The experimental result of embodiment 3
Using β-actin as internal reference thing, above-mentioned circRNA is tested in peripheral blood with RT-PCR technology respectively
Card.PCR primer sequence such as table 1:
The RT-PCR primer list of table 1
Fold differences are calculated using 2- Δ Δ Ct methods, as a result such as table 2.

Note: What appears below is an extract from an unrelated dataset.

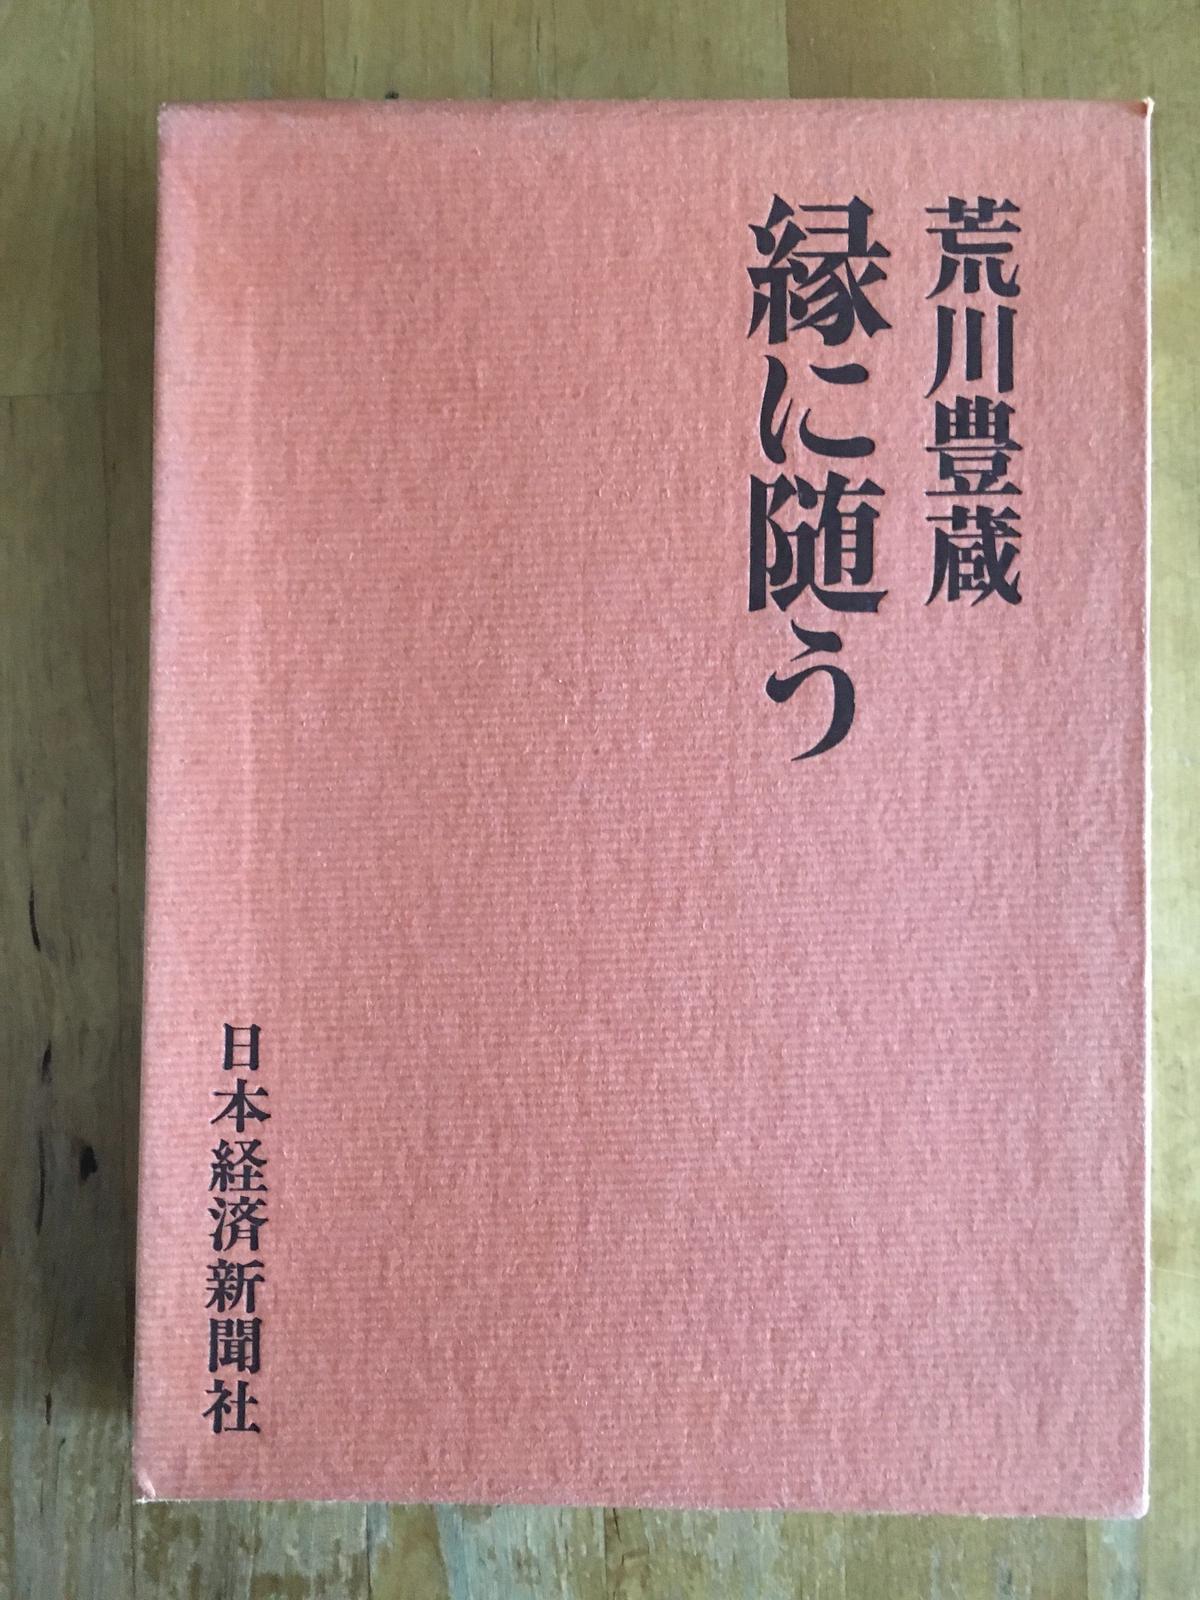 ファーイースタン・オールドブックス通信販売部            縁に随う 荒川豊蔵 (著) 日本経済新聞社

The circRNA the results of table 2
As a result show, compared to healthy population, in Down's syndrome patient, hsa_circRNA_103112 expression quantity
Can significantly it raise, there is obvious positively related relation for the two.
SEQUENCE LISTING
<110>No.181 Hospital, PLA
<120>Applications of the hsa_circRNA_103112 in the diagnosis, treatment and prognosis of Down syndrome
<130>
<160> 5
<170> PatentIn version 3.5
<210> 1
<211> 223
<212> DNA
<213> hsa_circRNA_103112
<400> 1
caccagcaga cgtttttgaa tcaactgaga gaaattacgg ggattaatga cacccagata 60
ctacagcaag ccttgaagga tagtaatgga aacttggaat tagcagtggc tttccttact 120
gcgaagaatg ctaagacccc tcagcaggag gagacaactt actaccaaac agcacttcct 180
ggcaatgata gatacatcag tgtgggaagc caagcagata caa 223
<210> 2
<211> 20
<212> DNA
<213>Artificial sequence
<400> 2
gtggccgagg actttgattg 20
<210> 3
<211> 23
<212> DNA
<213>Artificial sequence
<400> 3
cctgtaacaa cgcatctcat att 23
<210> 4
<211> 22
<212> DNA
<213>Artificial sequence
<400> 4
gcacttcctg gcaatgatag at 22
<210> 5
<211> 22
<212> DNA
<213>Artificial sequence
<400> 5
ggcttgctgt agtatctggg tg 22
Claims (8)
1. a kind of circular rna, its sequence are:
CACCAGCAGACGTTTTTGAATCAACTGAGAGAAATTACGGGGATTAATGACACCCAGATACTACAGCAAGCCT
TGAAGGATAGTAATGGAAACTTGGAATTAGCAGTGGCTTTCCTTACTGCGAAGAATGCTAAGACCCCTCAGCAGGAG
GAGACAACTTACTACCAAACAGCACTTCCTGGCAATGATAGATACATCAGTGTGGGAAGCCAAGCAGATACAA(SEQ
ID NO:1).
2. the circular rna described in claim 1 is as Down syndrome detection, treatment, the application of prognosis target spot.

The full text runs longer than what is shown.